The output should contain the listing word for word and no pictures.

_STORED DATA_
· · · ·

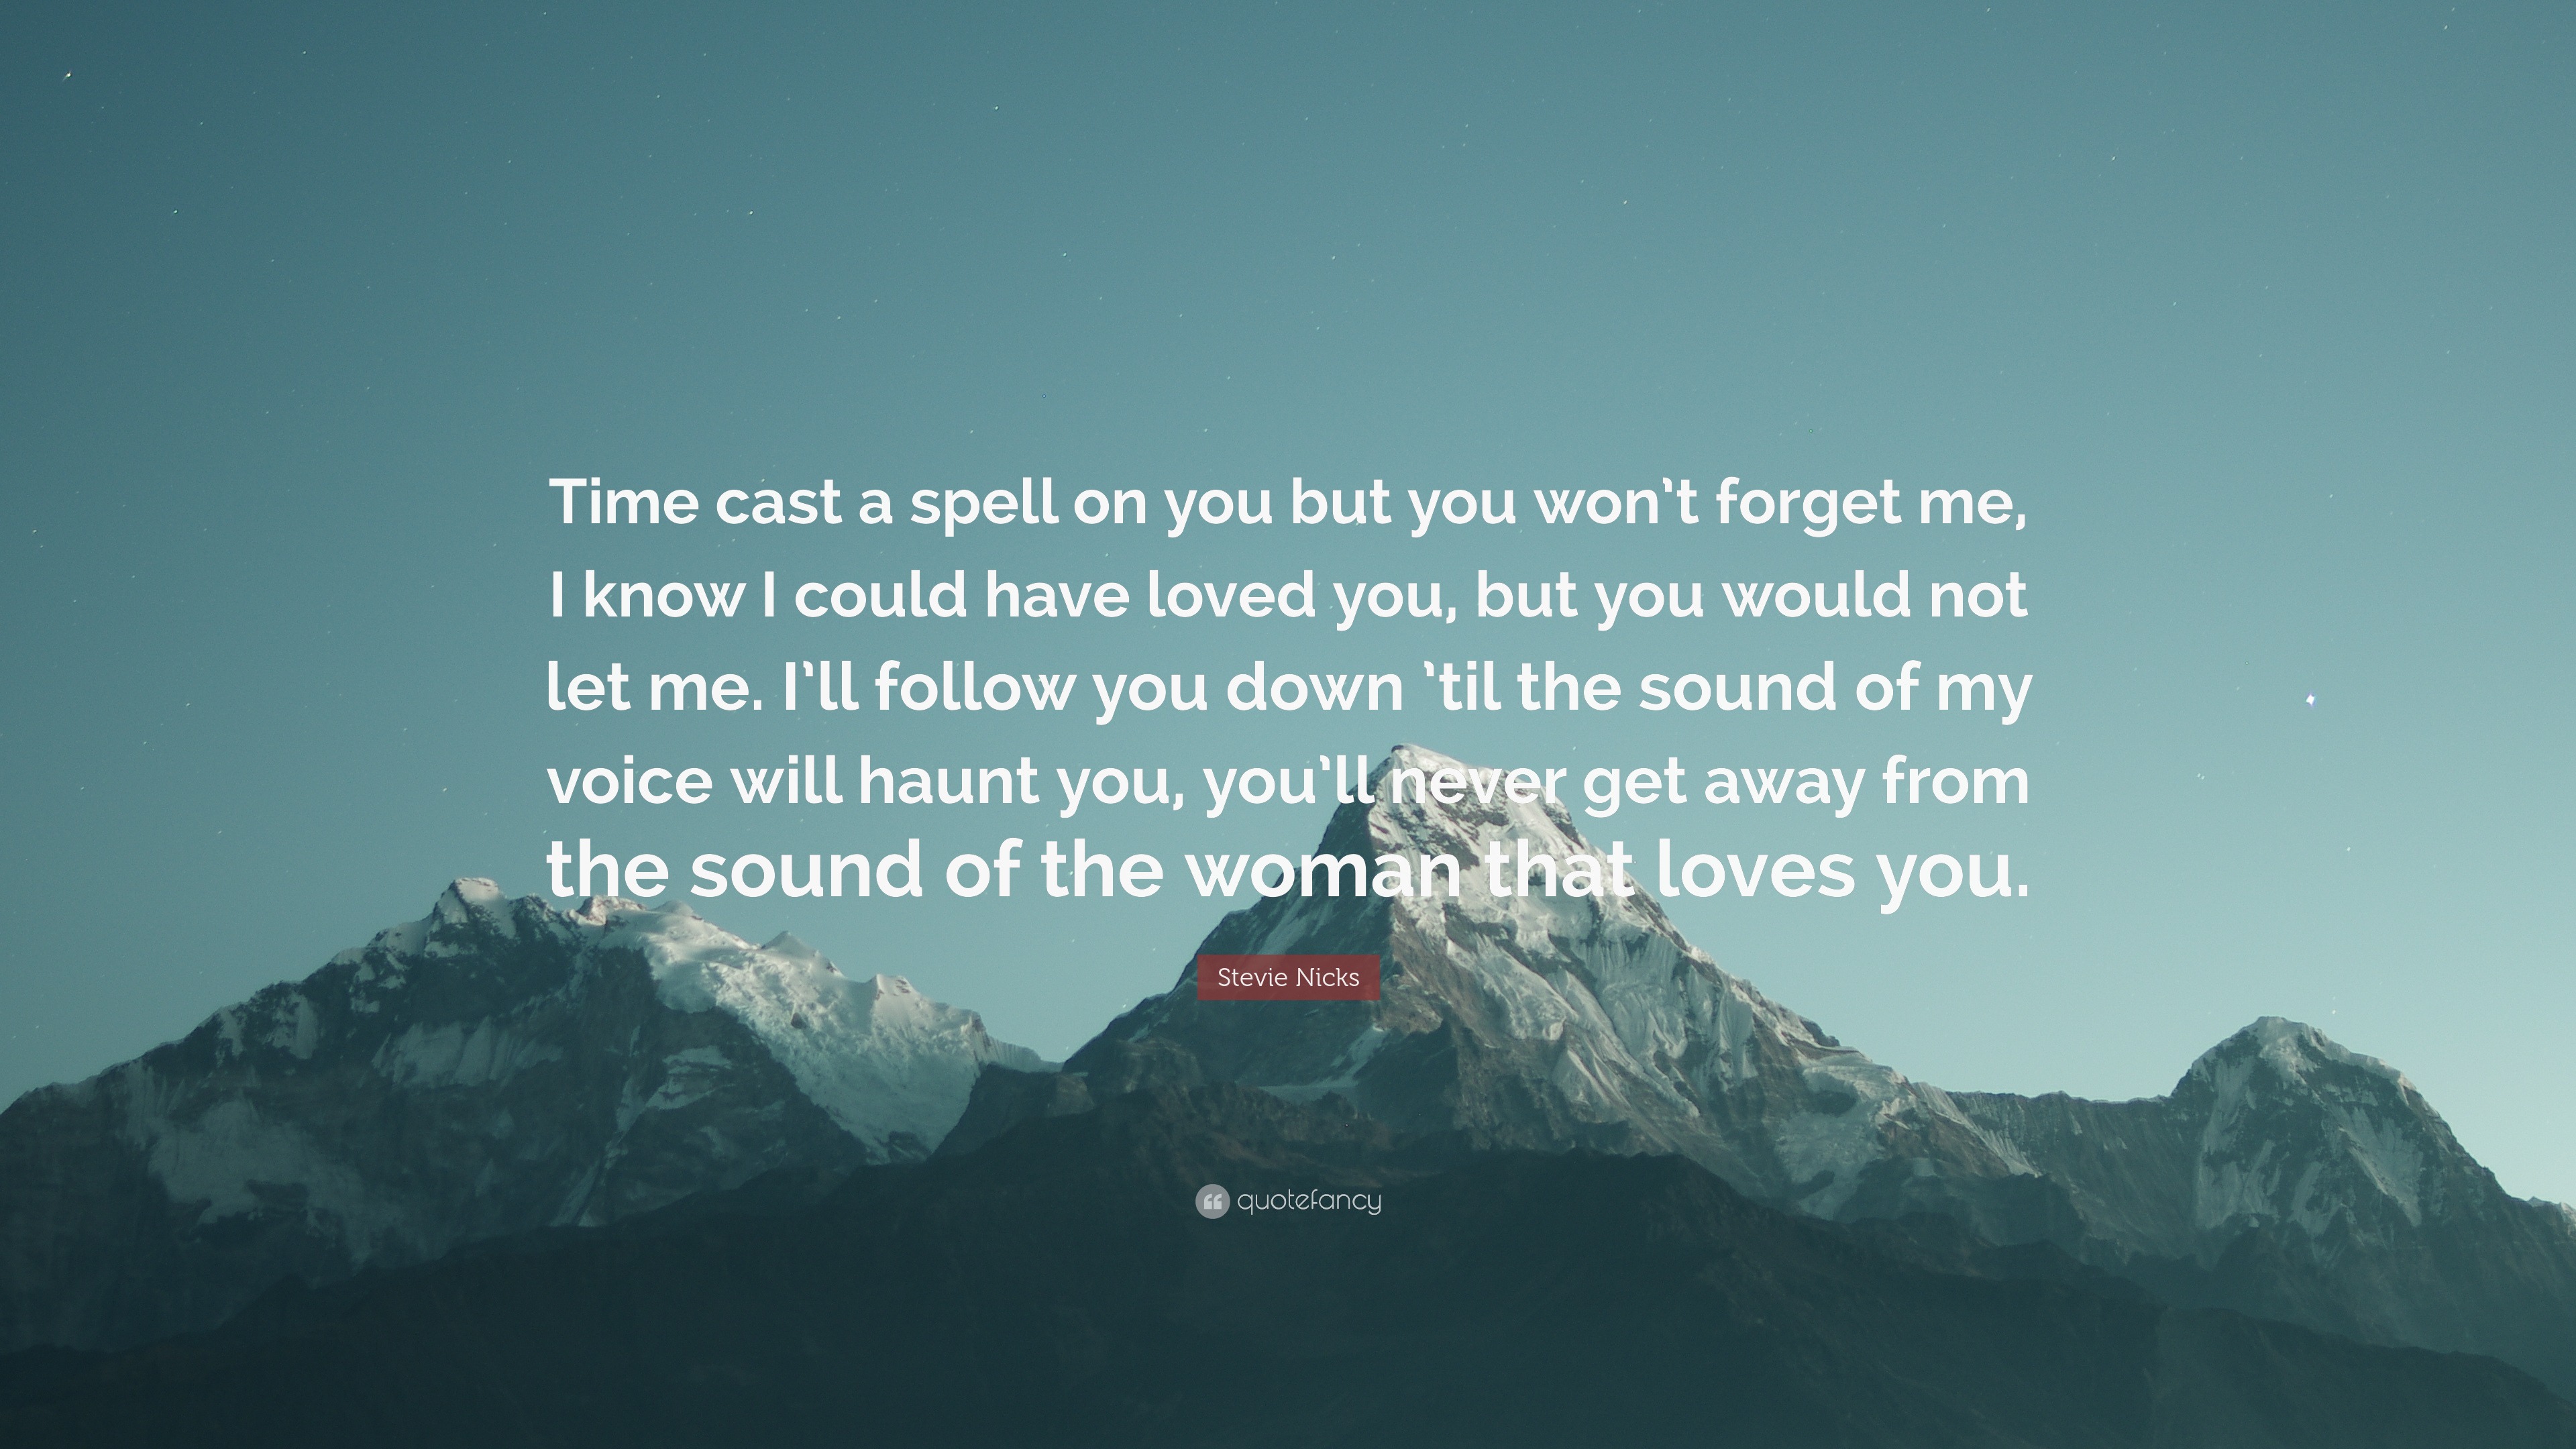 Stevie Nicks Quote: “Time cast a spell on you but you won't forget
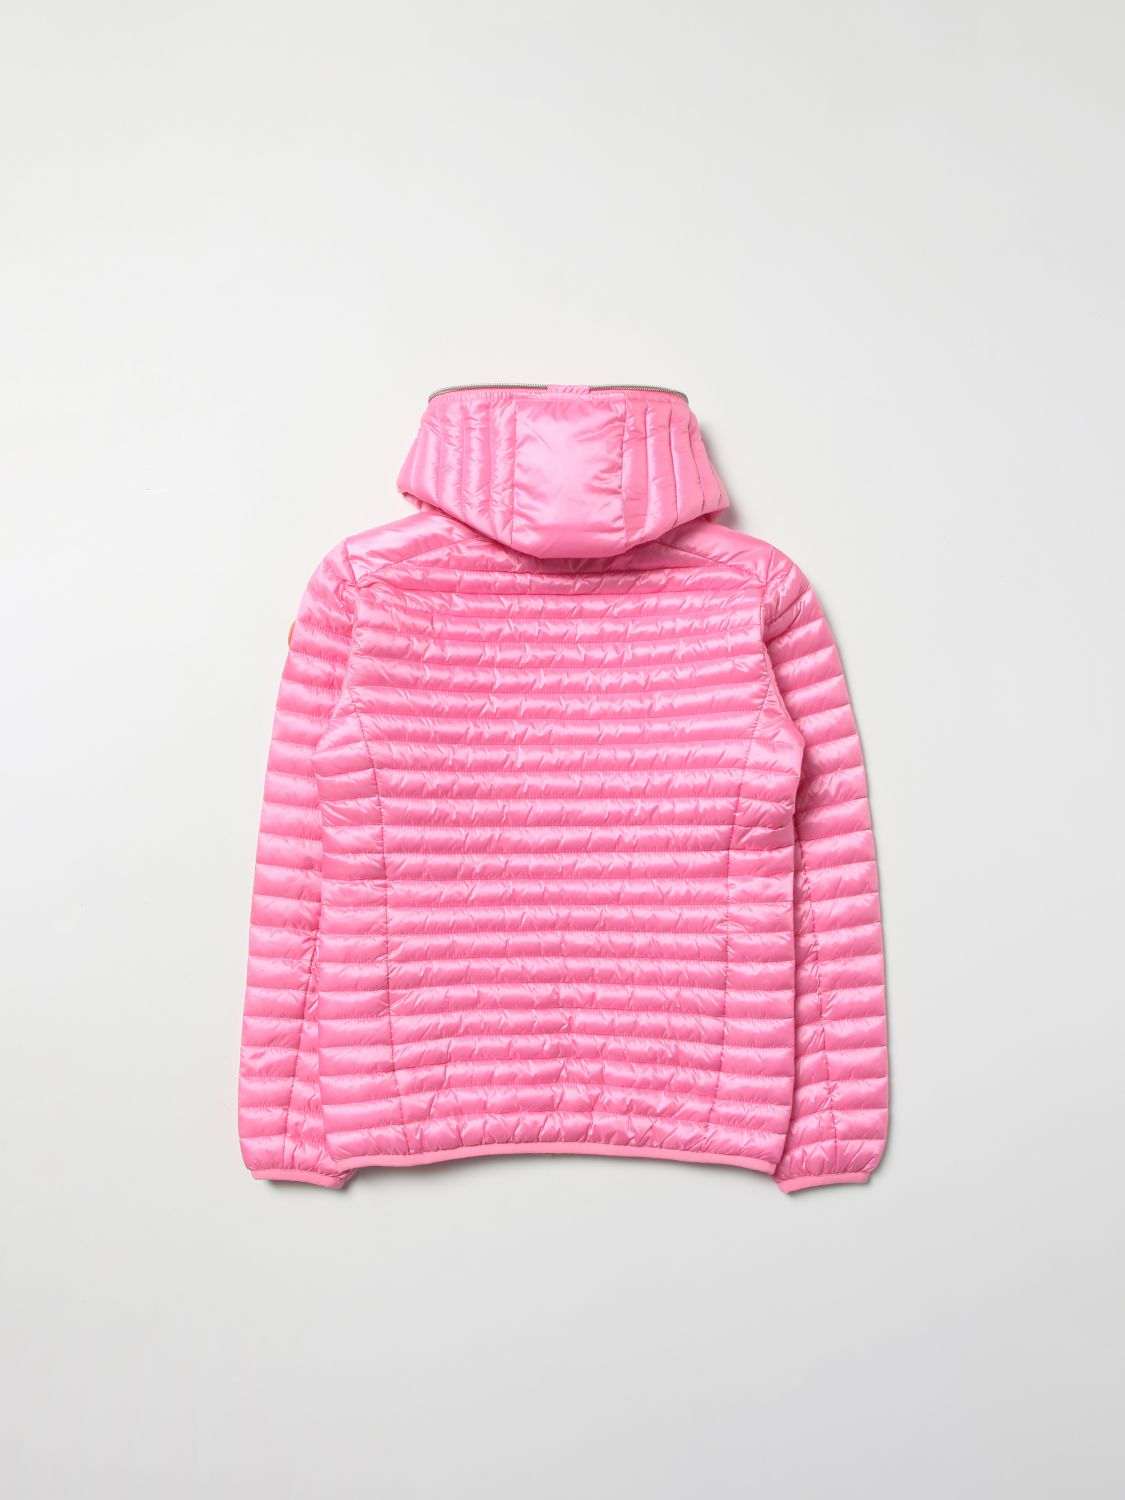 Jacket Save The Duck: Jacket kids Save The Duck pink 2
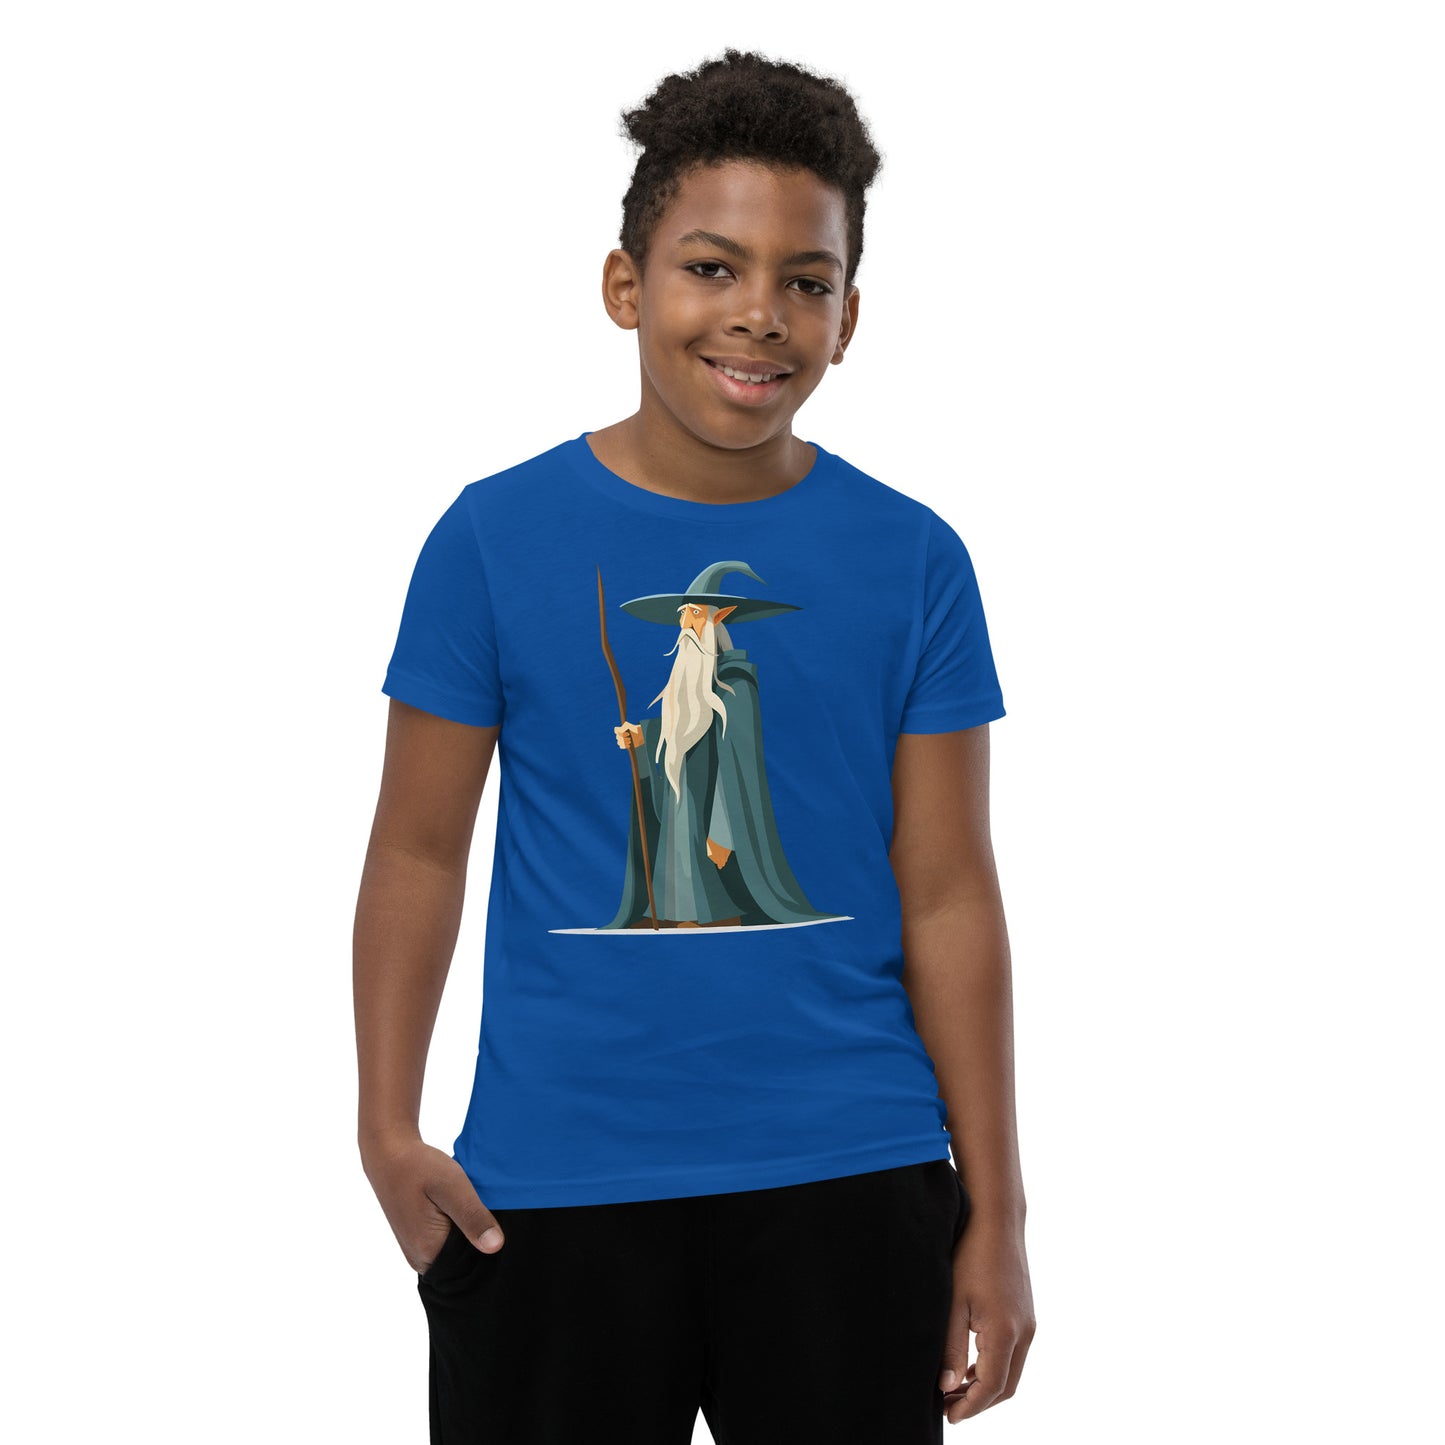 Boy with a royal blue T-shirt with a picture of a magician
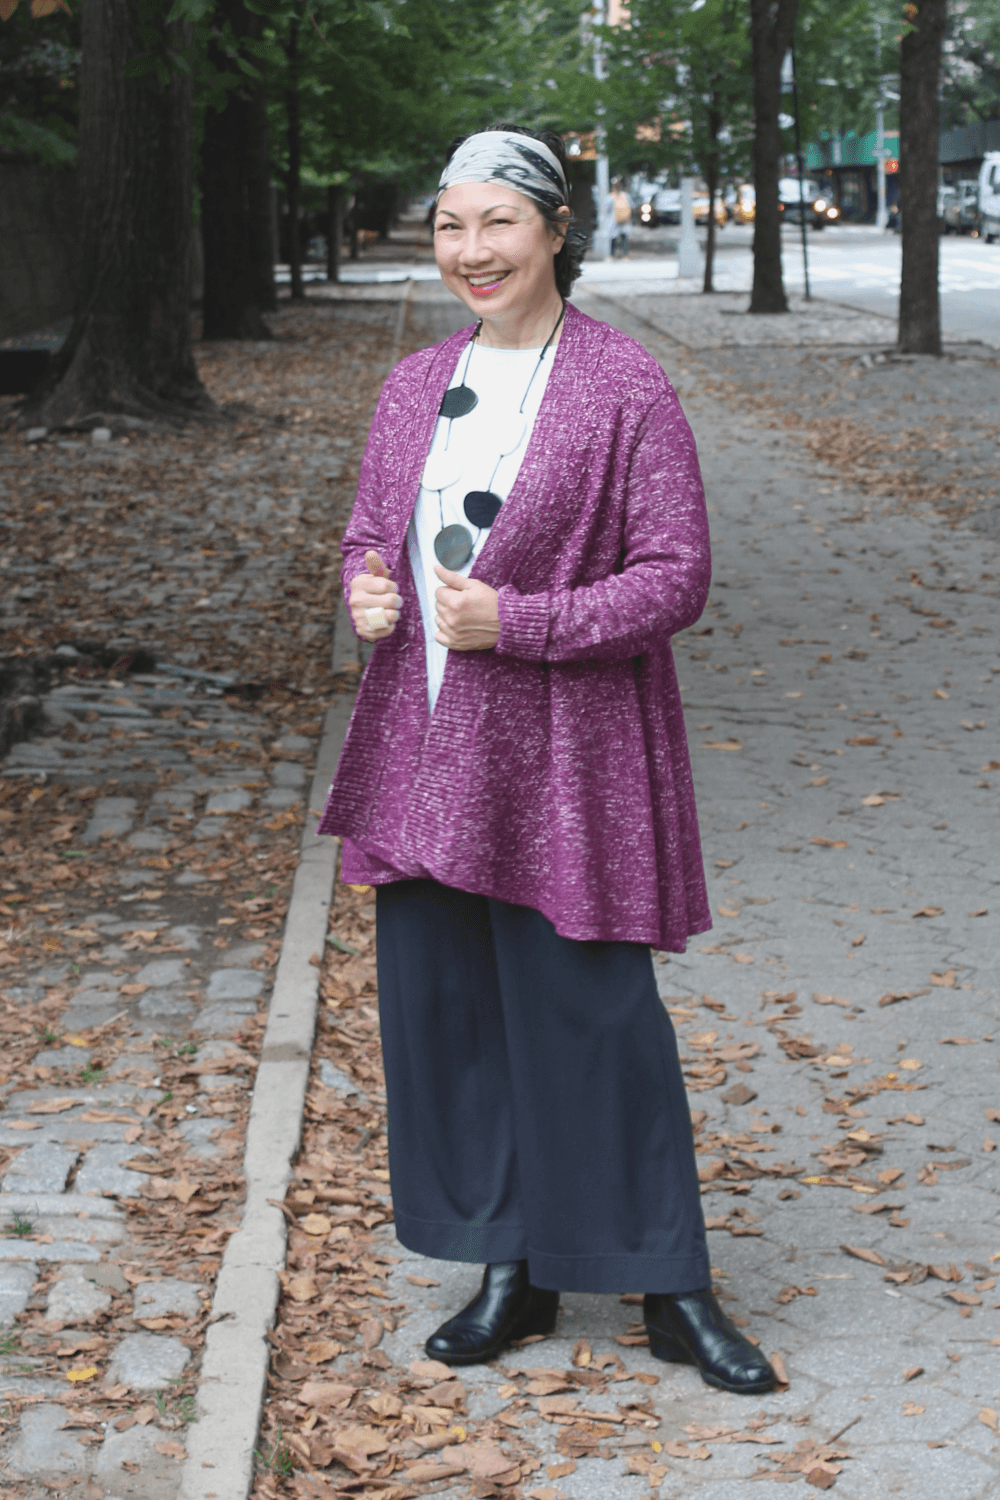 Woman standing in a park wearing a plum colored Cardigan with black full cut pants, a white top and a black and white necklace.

· · · ·

_EXERCISE OUTPUT_
 Stevie Nicks Quote: “Time cast a spell on you but you won't forget
 Jacket Save The Duck: Jacket kids Save The Duck pink 2
 Boy with a royal blue T-shirt with a picture of a magician
 Woman standing in a park wearing a plum colored Cardigan with black full cut pants, a white top and a black and white necklace.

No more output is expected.